LVMH concluded the swap contracts for cash settlement with three unnamed financial institutions in 2008. It then changed the terms to take physical delivery of the underlying shares and move the termination dates forward to Oct. 22 and 25, according to a statement filed today with the France’s market regulator, Autorite des Marches Financiers, and posted on its website.
The company “foresees buying shares in Hermes International, depending on the circumstances and the market situation,” LVMH said. “LVMH supports Hermes International’s strategic vision, its growth and positioning.”
LVMH, the world’s largest luxury-goods maker, announced Oct. 23 it held a 14.2 percent stake and derivatives instruments for another 2.9 percent in Hermes, the Paris-based maker of silk scarves and Birkin bags. Yesterday, LVMH said it had exercised those options in Hermes.
LVMH has said it doesn’t intend to launch a tender offer, take control or seek board seats at Hermes, where about 75 percent of the shares are controlled by members of the founding family. A call to Hermes seeking comment after regular business hours wasn’t immediately returned.
Last Year’s Rules
Under disclosure rules implemented last year by the AMF, an investor must report any acquisition of securities that entitle it to more than 5 percent of a company’s equity. Yet LVMH’s purchase of the Hermes stake may have exposed a problem with a second set of disclosure rules for cash-settled securities where there is no expectation shares will be physically delivered, said Colette Neuville, a French shareholder activist. Those rules don’t kick in until an investor surpasses the first 5 percent threshold.
“You have a cash contract for two, three years, however long you want without declaring anything because it’s in cash, and the day you want to take the shares, you change the contract,” Neuville said of LVMH’s statement. “Each operation is legal in itself, but the combination of them is what makes for a skirting of the regulations.”
LVMH acquired 12.13 percent of the shares through its Sofidiv SAS unit, which took control of the swap contracts on Oct. 21 and 22, making the change then from cash to physical delivery of the shares. The unit also advanced the swap settlement dates to this month from as far in the future as June 2012.
‘Shocking’
“What is shocking in the case of LVMH is that ultimately, they amassed three-quarters of the float without anyone seeing a thing,” said Neuville, who worked with the AMF in tightening the disclosure rules. “It’s not worth the trouble of making a rule if you can get around it so easily.”
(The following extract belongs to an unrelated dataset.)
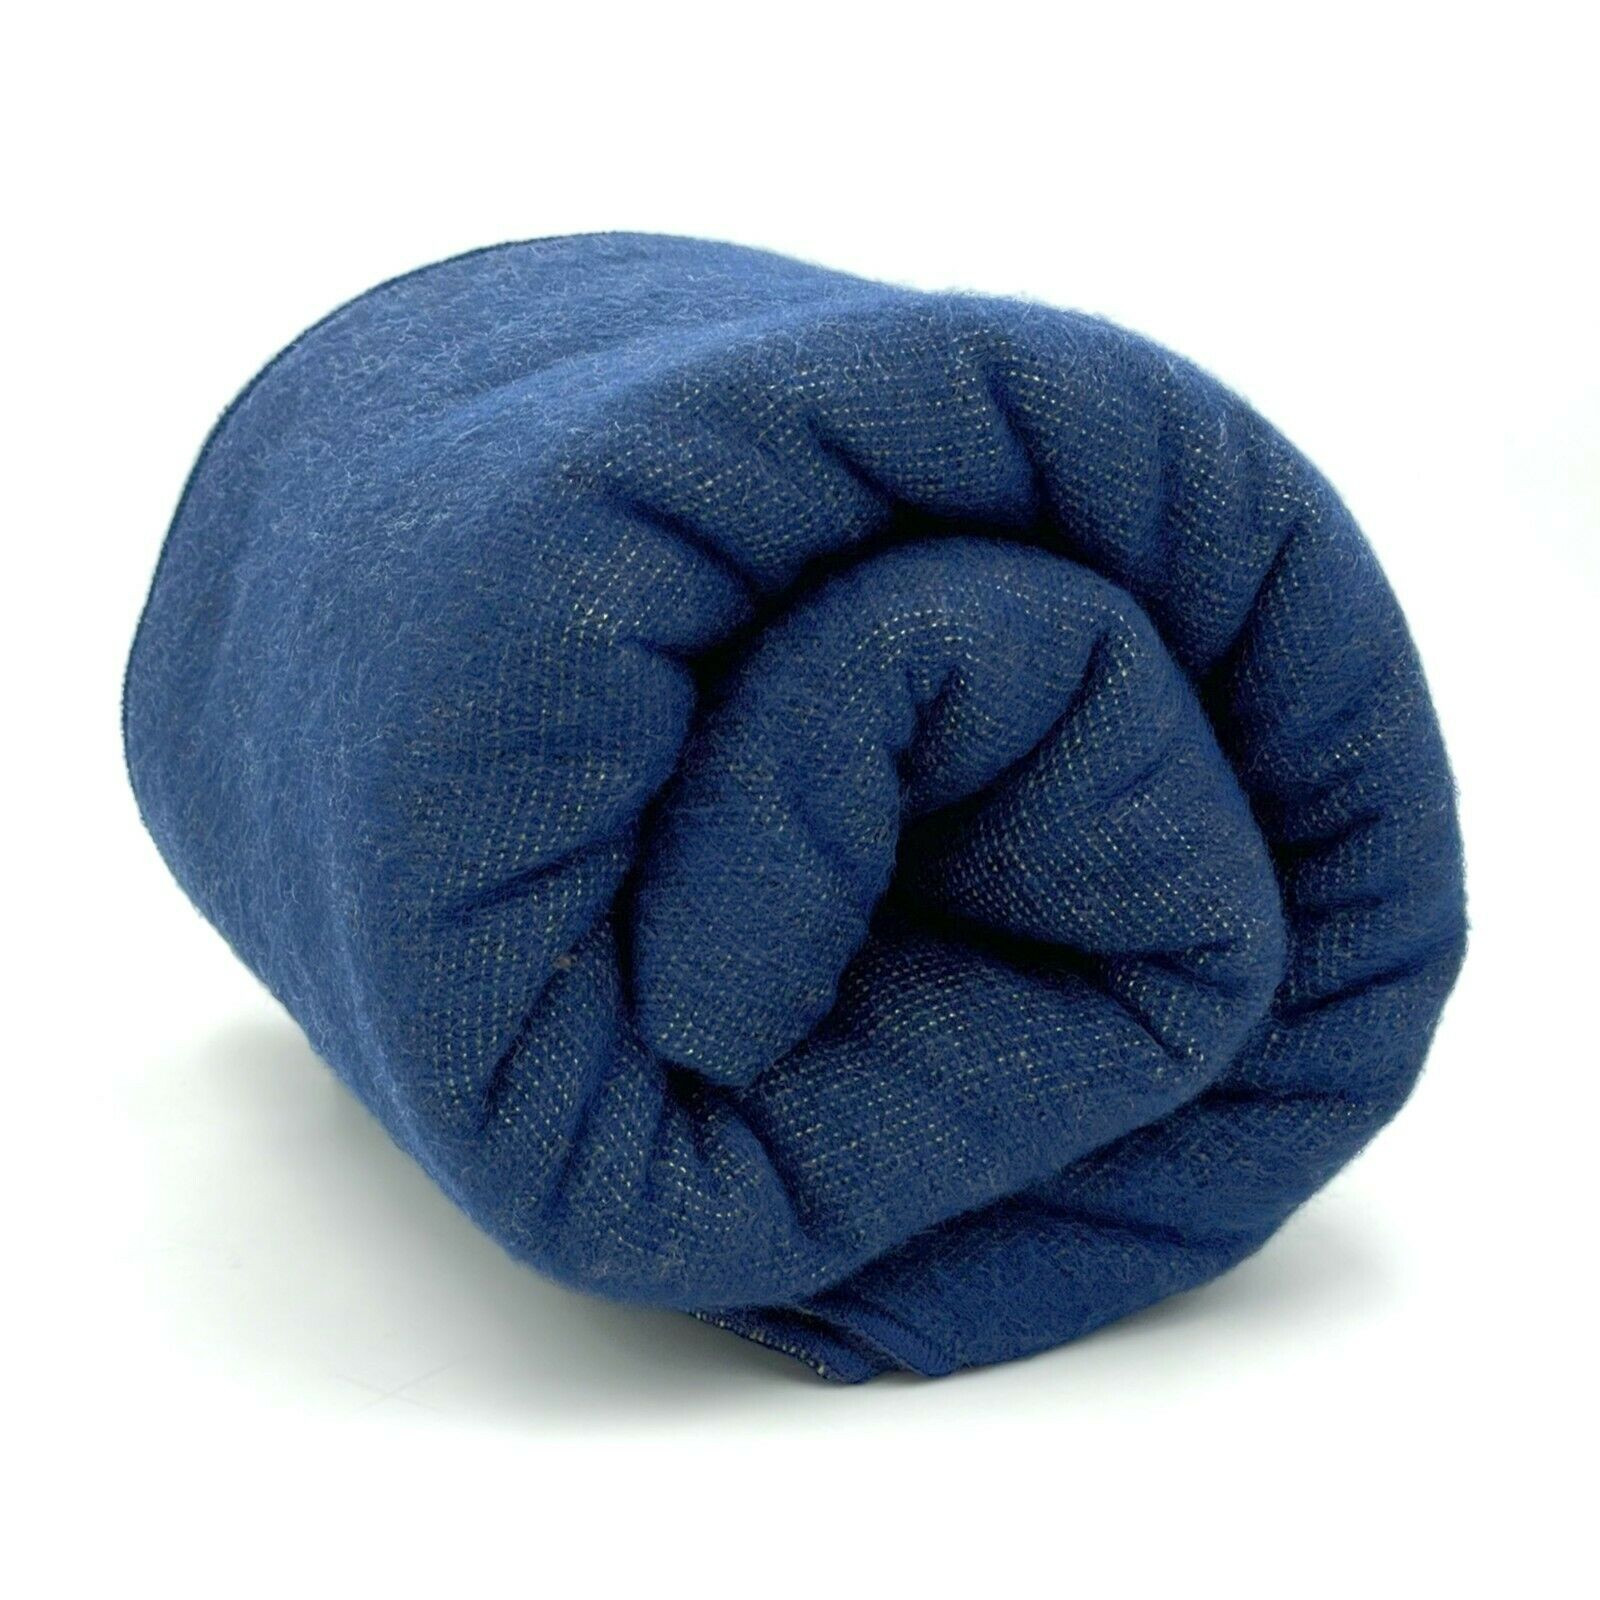 Quillualpa - Baby Alpaca Blanket - Extra Large - Solid reversible - navy blue/cream
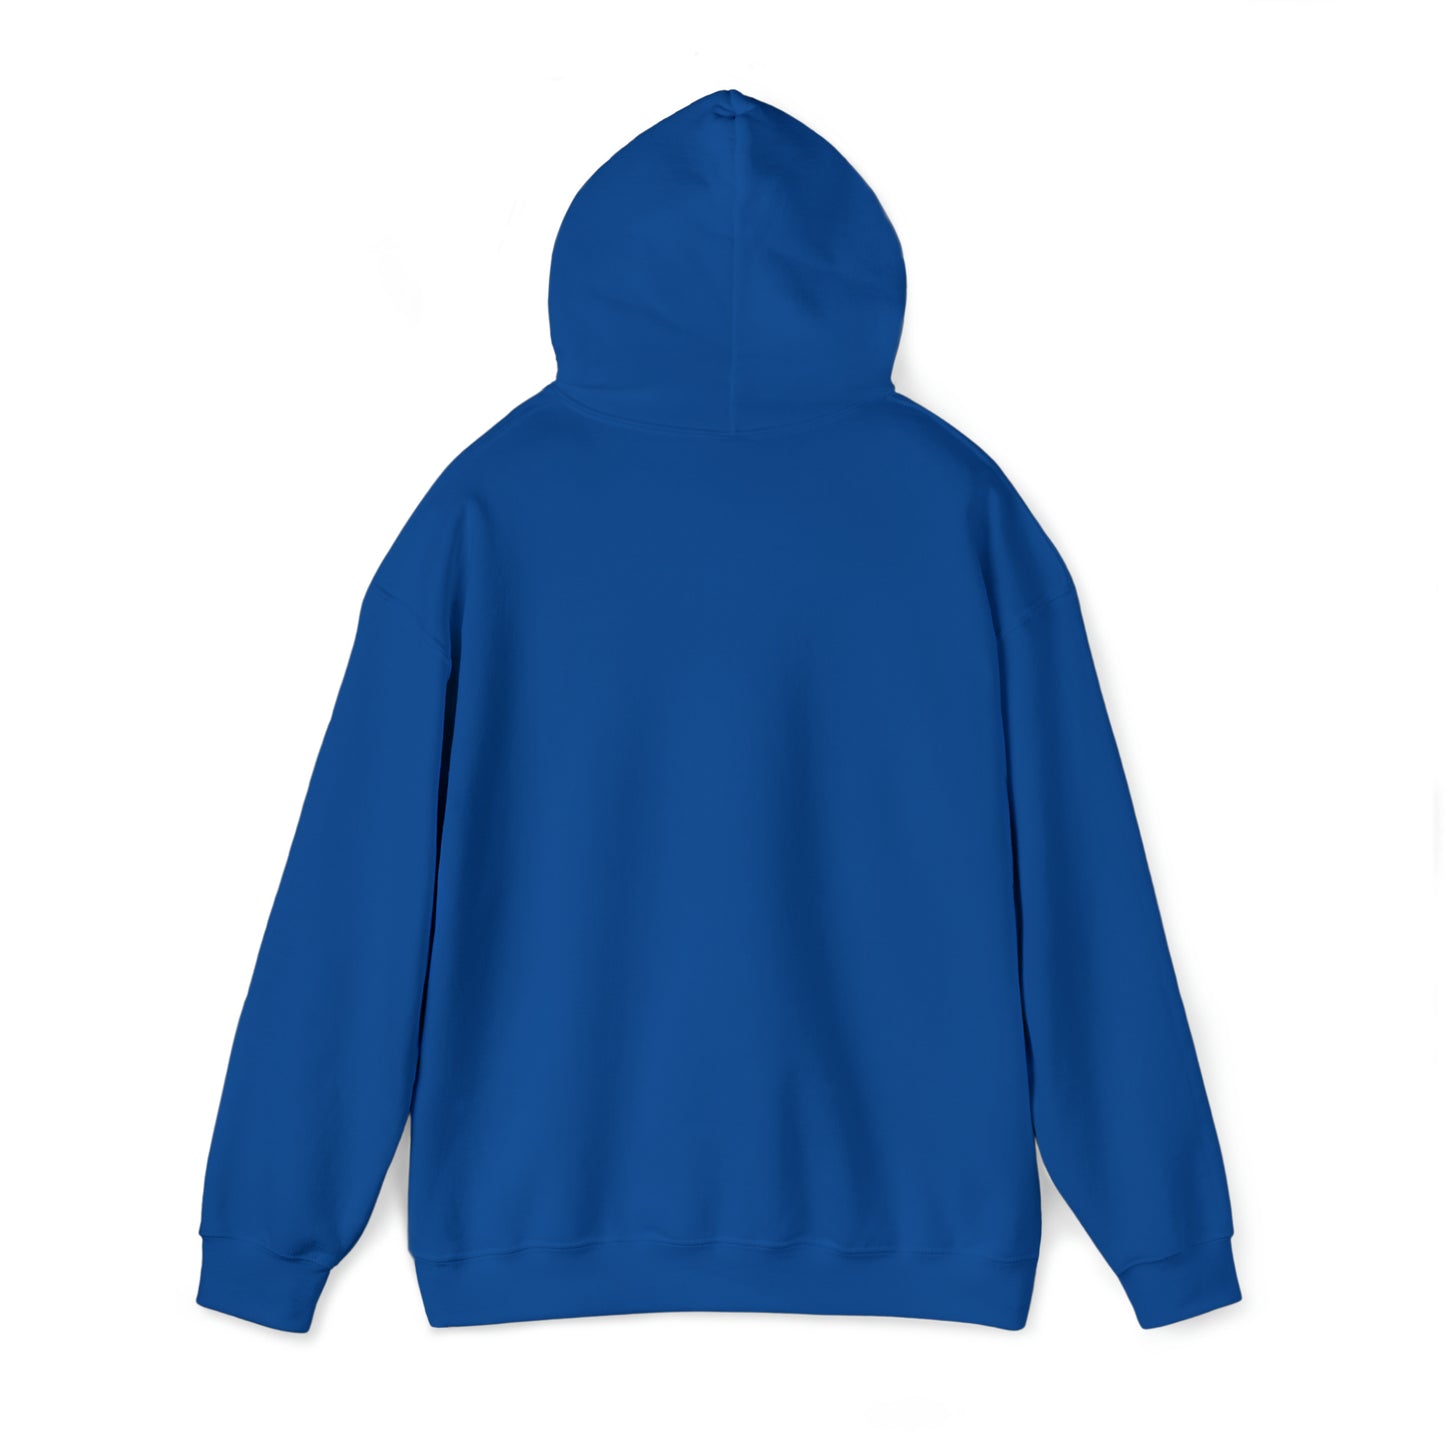 Saved Through Faith Unisex Heavy Blend™ Hooded Sweatshirt

The AMF is reviewing the stake purchase to ensure LVMH followed the regulations, a spokeswoman for the regulator said, declining to comment further on the matter.
LVMH “scrupulously followed French market rules notably in terms of rules regarding the breaching of share thresholds,” the company said in an e-mailed statement Oct. 25. LVMH said it is acting alone and financed the purchase itself, according to today’s filing.